Internally, Azure associates every resource with a Resource ID. You’ll need the Resource ID when you deploy new Firewall Management Center Virtual instances from this managed image.

  1. In the Azure Portal, select Images.

  2. Select the managed image created in the previous step.

  3. Click Overview to view the image properties.

  4. Copy the Resource ID to the clipboard.

    The Resource ID takes the form of:

    /subscriptions/<subscription-id>/resourceGroups/<resourceGroup>/providers/Microsoft.Compute/<container>/ <vhdname>
8.

Build a Firewall Management Center Virtual instances using the managed image and a resource template:

  1. On the Azure GUI, search for Custom deployment.

  2. Under Select a template, click Build your own template in the editor.

    You have a blank template that is available for customizing. See GitHub for the template files.

  3. Paste your customized JSON template code into the window, and then click Save.

  4. Choose a Subscription from the drop-down list.

  5. Choose an existing Resource group or create a new one.

  6. Choose a Region from the drop-down list.

  7. Paste the Managed Image Resource ID from the previous step into the Vm Image Id field.

  8. To deploy the Threat Defense Virtual without the diagnostic interface, enter a day-0 configuration script that includes the key-value pair Diagnostic: OFF in the Custom Data field. A sample day-0 configuration script is given below.

    {
"AdminPassword": "E28@2OiUrhx!",
"Hostname": "ciscothreatdefensevirtual",
"FirewallMode": "routed",
"ManageLocally": "No",
"Diagnostic": "OFF"
}
    Note
    The key value pair, "Diagnostic": "ON/OFF", is case-sensitive.

    You can also modify the script in the Custom Data field in the ARM template that is used for fresh deployment.
9.

Click Edit parameters at the top of the Custom deployment page. You have a parameters template that is available for customizing.
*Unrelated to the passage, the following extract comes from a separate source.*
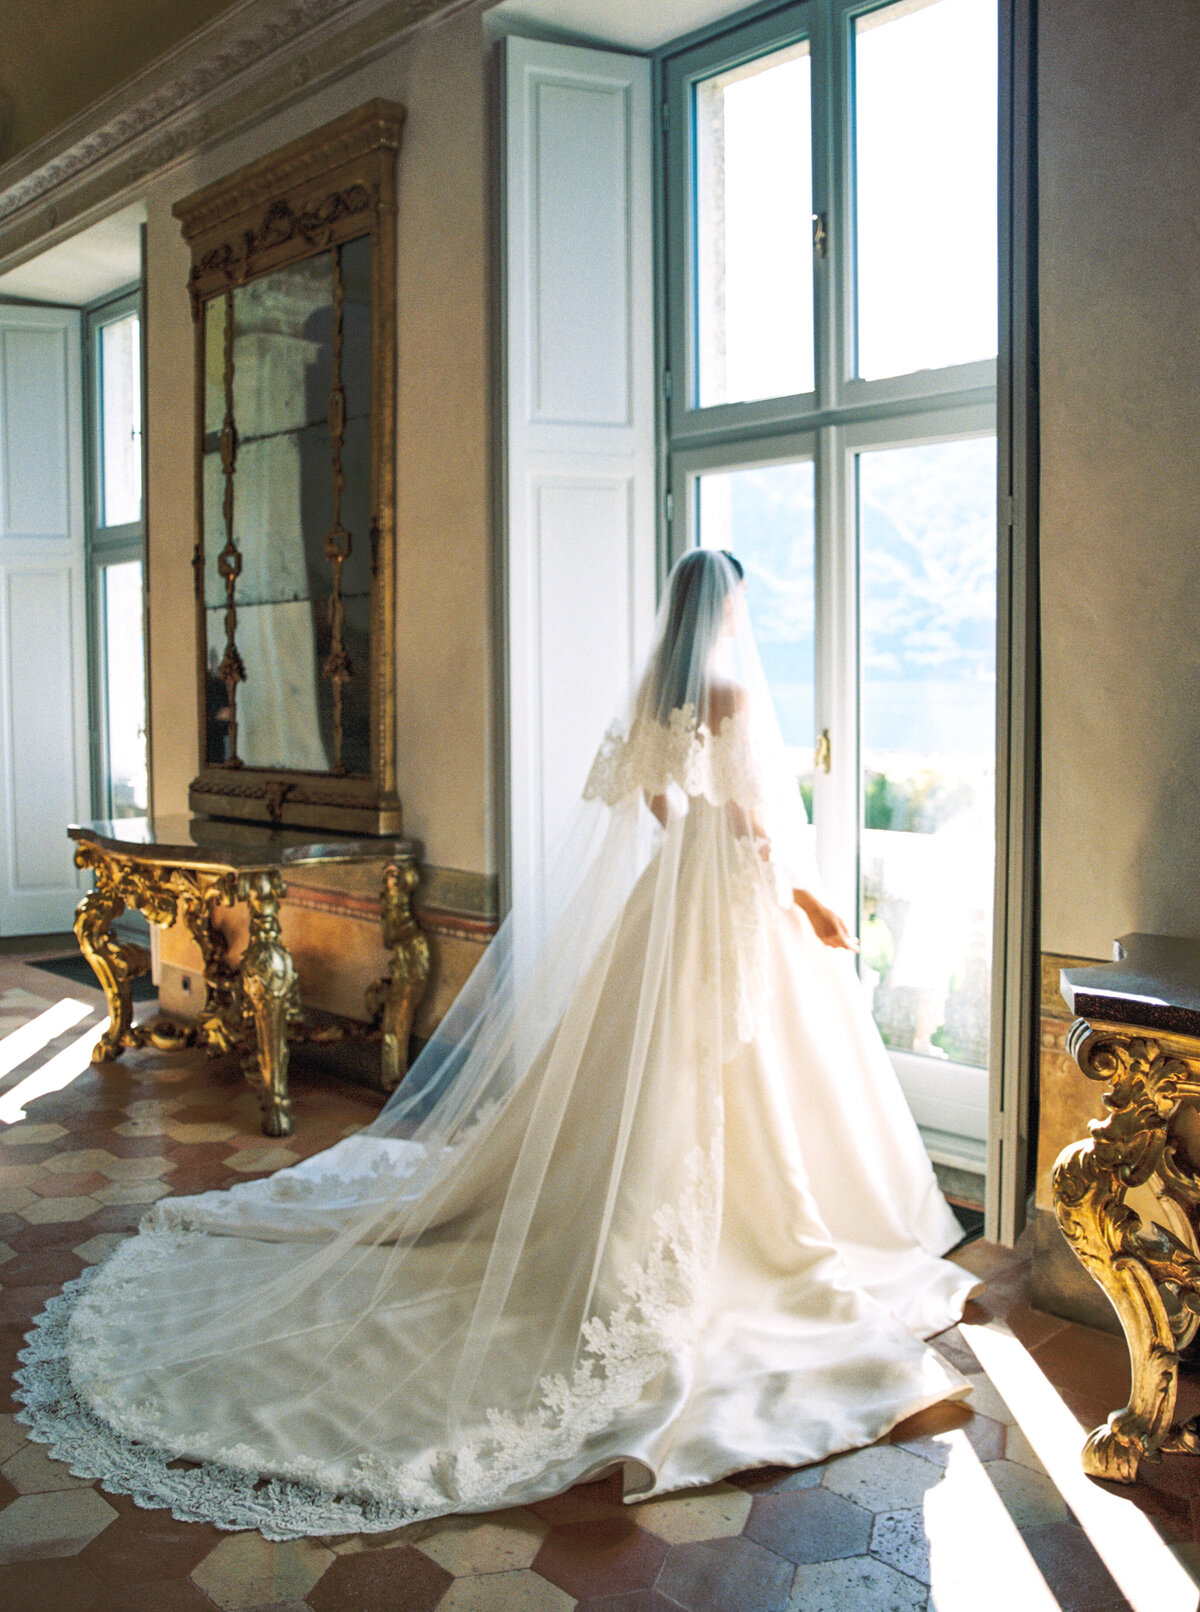 Villa Balbiano Wedding Lake Como Italy. Bride's wedding dress

  1. Click Load file and browse to the customized Firewall Management Center Virtual parameter file. See GitHub for the template parameters.

  2. Paste your customized JSON parameters code into the window, and then click Save.
10.

Review the Custom deployment details. Make sure that the information in Basics and Settings matches your expected deployment configuration, including the Resource ID.
11.

Review the Terms and Conditions, and check the I agree to the terms and conditions stated above check box.
12.

Click Purchase to deploy a Firewall Management Center Virtual instance using the managed image and a custom template.

If there are no conflicts in your template and parameter files, you should have a successful deployment.

The Managed Image is available for multiple deployments within the same subscription and region.

What to do next

  • Update the Firewall Management Center Virtual’s IP configuration in Azure.